Which brings me to the other point: this research approach, which makes such a big point of its respect for the subjects and their feelings, is actually deeply contemptuous of them. While Hochschild and her Berkeley friends have agency, and listening ability, and a range of different kinds of intelligence, academic and emotional, to work with, the white southerners are helpless and one-dimensional objects of pity. You can't ask them to take any responsibility for their beliefs, which they automatically imbibe with their mother's milk, off the radio—all you can do is show them your "empathy"—if you were brought up under the same idiotic limitations you might be afraid of feminazis too.
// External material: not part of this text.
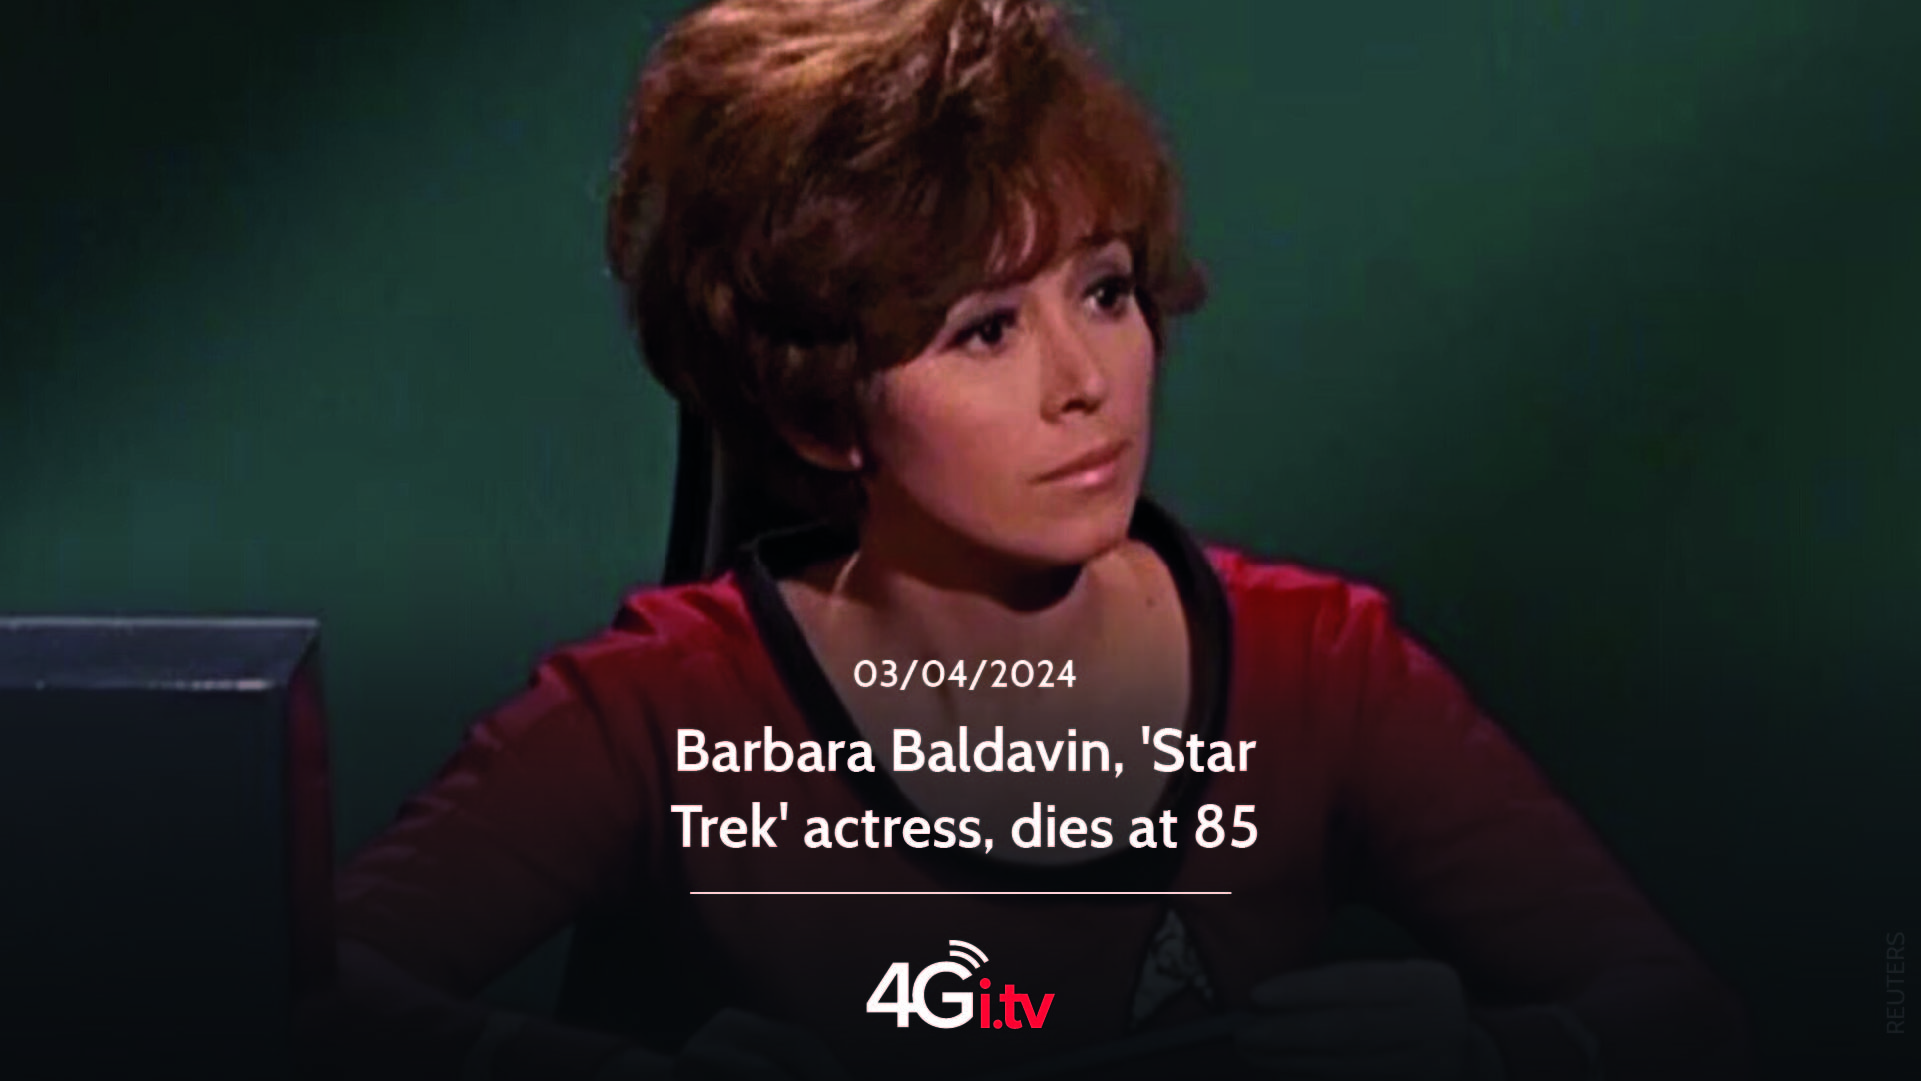 Подробнее о статье Barbara Baldavin, ‘Star Trek’ actress, dies at 85

It's a kind of colonialist view of simple-minded natives who can't be expected to think for themselves the way people from advanced societies do.
This is partly a consequence of the history of sociology in the United States, where it was rigorously separated from anthropology, sort of the way Pope Alexander VI separated the spheres of Spanish and Portuguese influence in the New World, in exclusive territorial zones, sociologists studying a generalized "us" and anthropologists a generalized "them". Sociology became a largely quantitative subject, concerned with collecting data about mostly white, mostly English-speaking people, about whom there wasn't a lot of mystery, while anthropologists charged out to Africa and South America and the Pacific and other exotic locations where everything was mysterious. They were literally following the paths of imperialism, in fact, and they eventually had to confront the ethical problems of imperialism, which are precisely of this type: the denial to the Other of her or his full humanity, the objectification of the research subject. It was necessary to find ways of bringing a critical approach to the work (something which could be found in Europe, where the anthropology-sociology division hardly existed), for the researcher to be continually questioning her- or himself and the interviewer-subject relationship.
Sociology in the US was far behind in this evolution, and Hochschild herself (b.1940) was a pioneer in bringing sociology to a recognition of the humanity of the subject, in her work on the sociology of the emotions, but in this ethnographic work in Louisiana she's making all the worst mistakes of imperial anthropologists in the years before World War II, objectifying the natives and treating herself as transcendently wise and unquestionable. It's just awful, and it's deeply counterproductive. You're not giving people their full humanity if you think they're not smart enough to be wrong and occasionally recognize it.